Evaluation, UX Testing and Wizard of Oz

Summary

Evaluation matters because designers are not designing for themselves. Evaluation supports iterative development, helps teams fail early, and provides evidence for design decisions.

Three broad evaluation types are usability testing or UX evaluation with users, field evaluation in natural settings, and analytical evaluation by experts without users. Usability is often described through learnability, efficiency, memorability, errors, and satisfaction.

Greenberg and Buxton warn that traditional usability testing can be harmful too early because it focuses on measurable errors, speed, and negative findings, which can prematurely kill promising but incomplete concepts. Early UX evaluation should also examine emotions, enjoyment, aesthetics, expectations, context, and non-instrumental experience.
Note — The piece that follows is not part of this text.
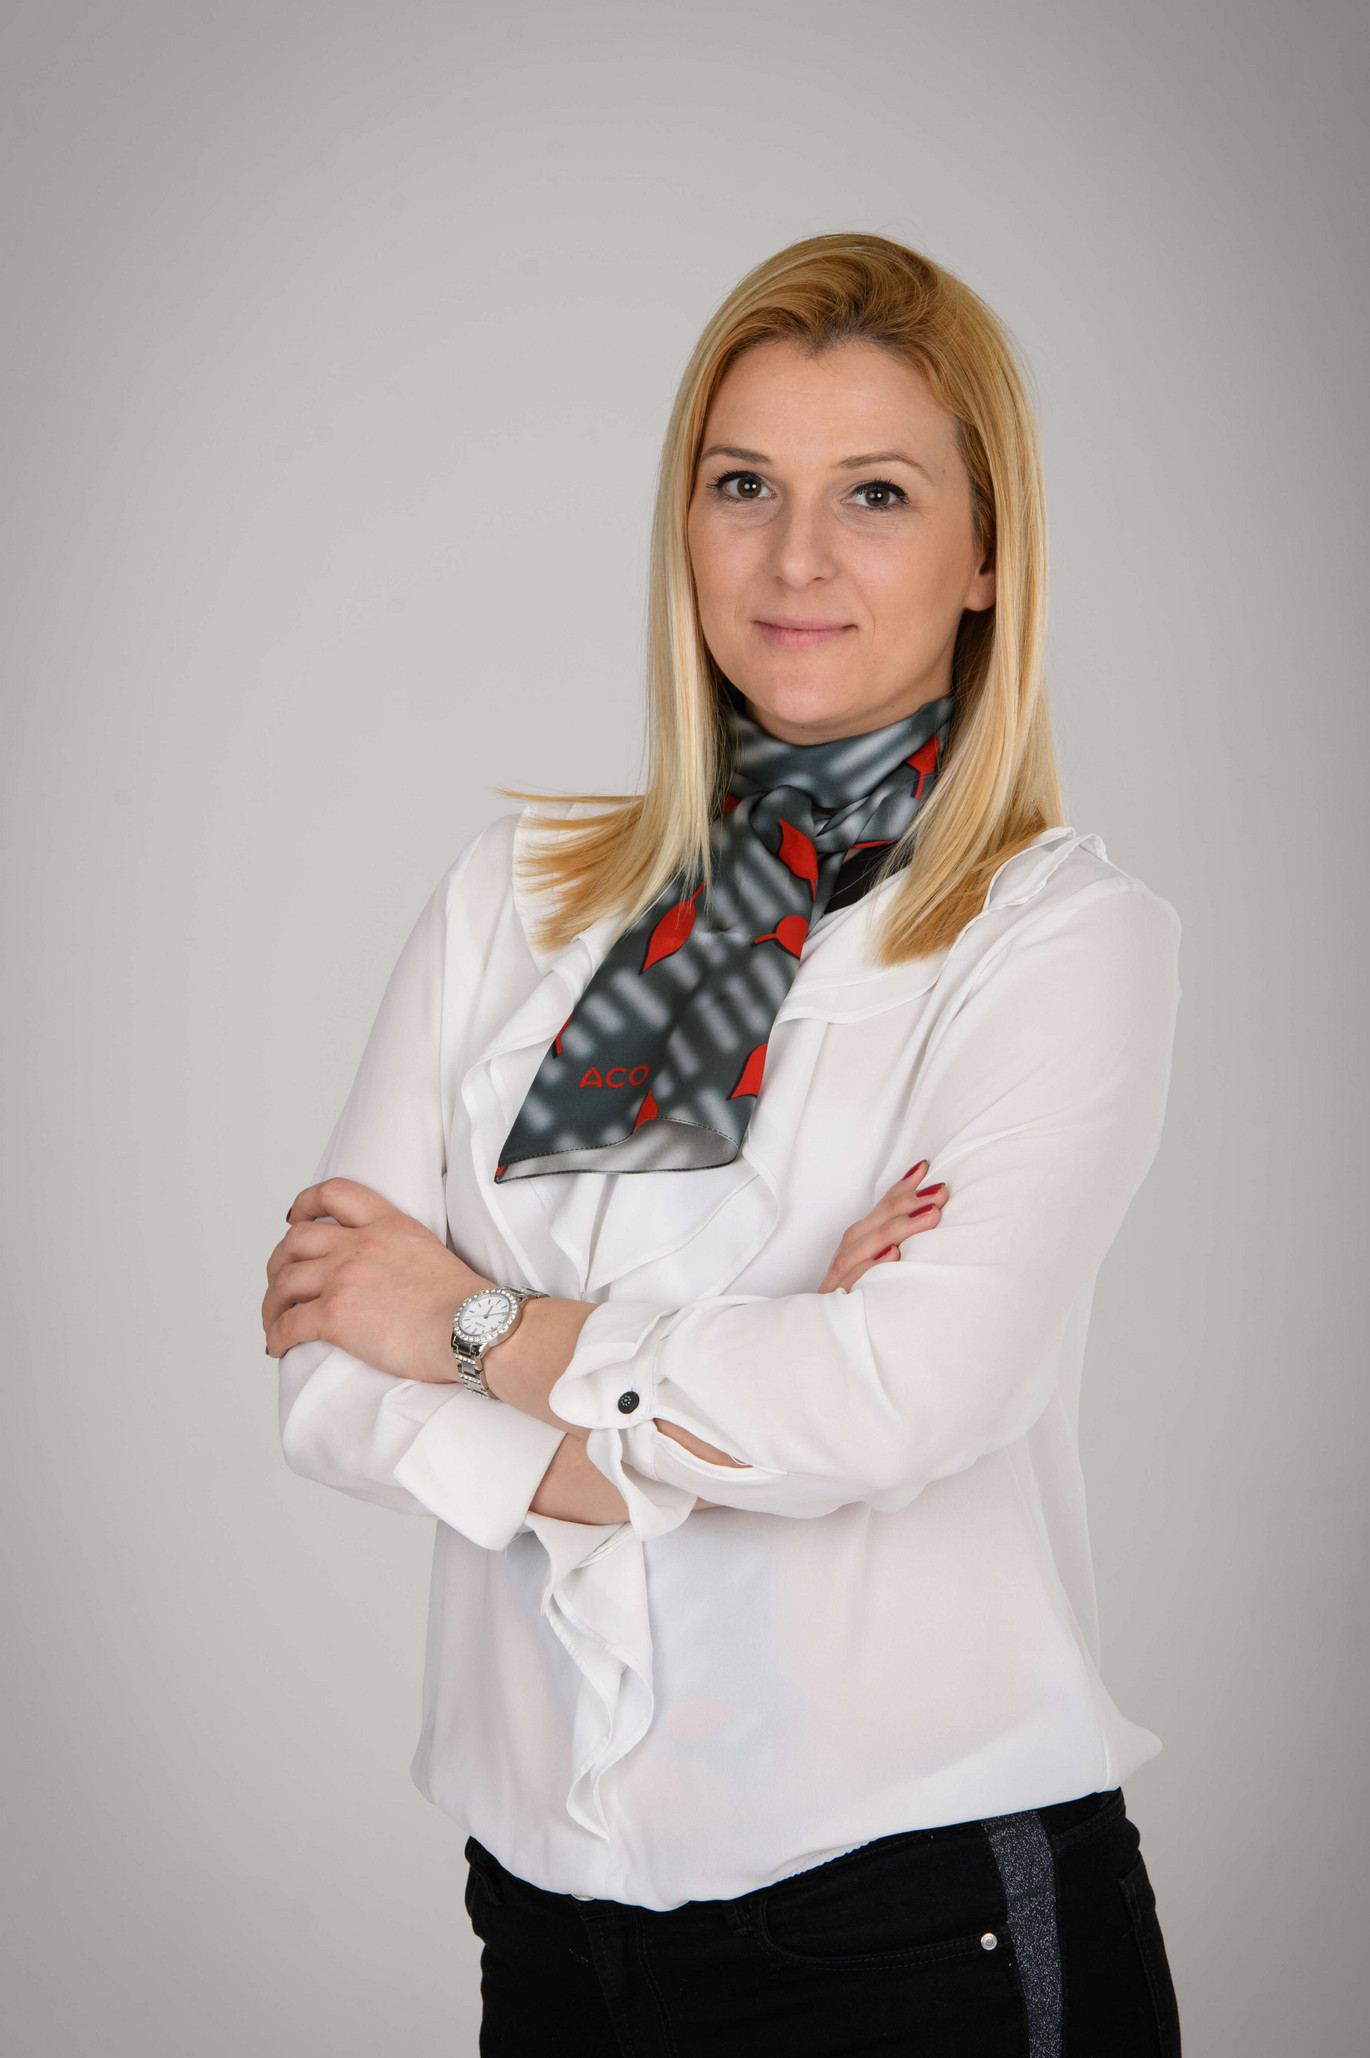 Tanja Dobrijević - ACO Serbia and Montenegro kontakt

Anticipated UX concerns expected experiences, feelings, needs, and wishes before the final product exists. Prototype fidelity can be mixed across appearance, functionality, interactivity, data, and spatial or physical structure. Wizard of Oz evaluation lets users interact with a seemingly working system while a hidden human simulates part of the functionality.
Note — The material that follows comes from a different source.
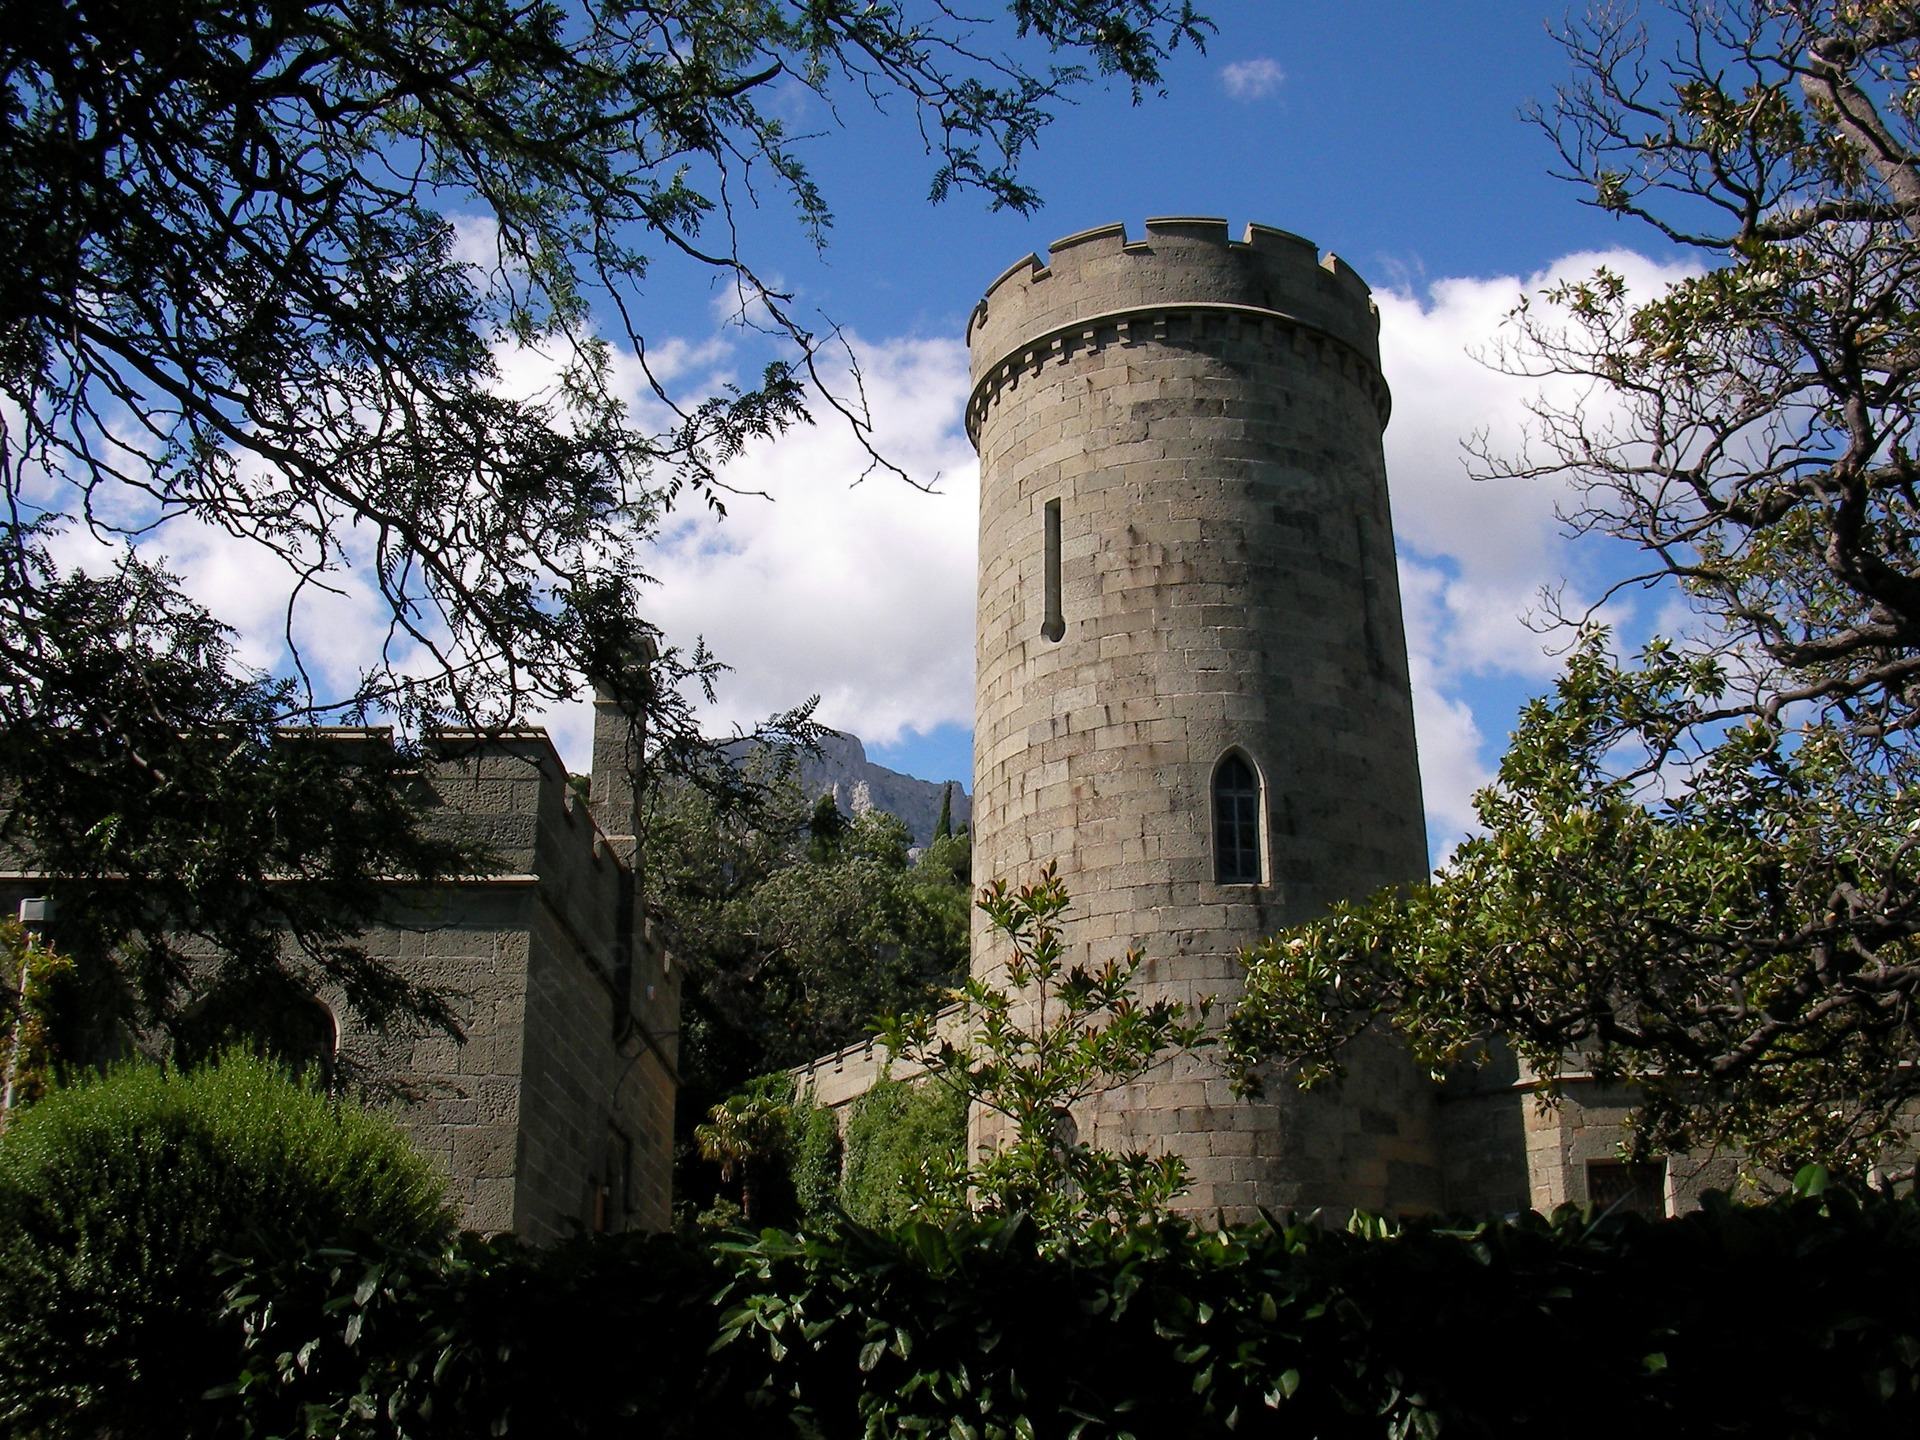 Castle tower in Vorontsov park

Typical evaluation planning includes consent, introduction, background questions, icebreaker, tasks, post-questionnaire, semi-structured interview, documentation, and participant debriefing. Roles can include facilitator/interviewer, observer, documenter, and operator.

Key Terminology

Usability testing: controlled evaluation of how easy a system is to use.
UX evaluation: evaluation of user experience, including emotion, aesthetics, meaning, and context.
Field evaluation: evaluation in natural use settings.
Analytical evaluation: expert evaluation without users.
Learnability: ease of first-time task completion.
Efficiency: speed and effort after learning.
Memorability: ease of returning after time away.
Errors: number, severity, and recoverability of mistakes.
Satisfaction: pleasantness of use.
Anticipated UX: expected experience before actual use.
Mixed-fidelity prototype: prototype where different aspects have different realism levels.
Wizard of Oz: hidden human control simulates system intelligence or automation.
Think aloud: participant verbalizes thoughts while performing tasks.
Pilot study: trial run used to refine procedure, tasks, and questions.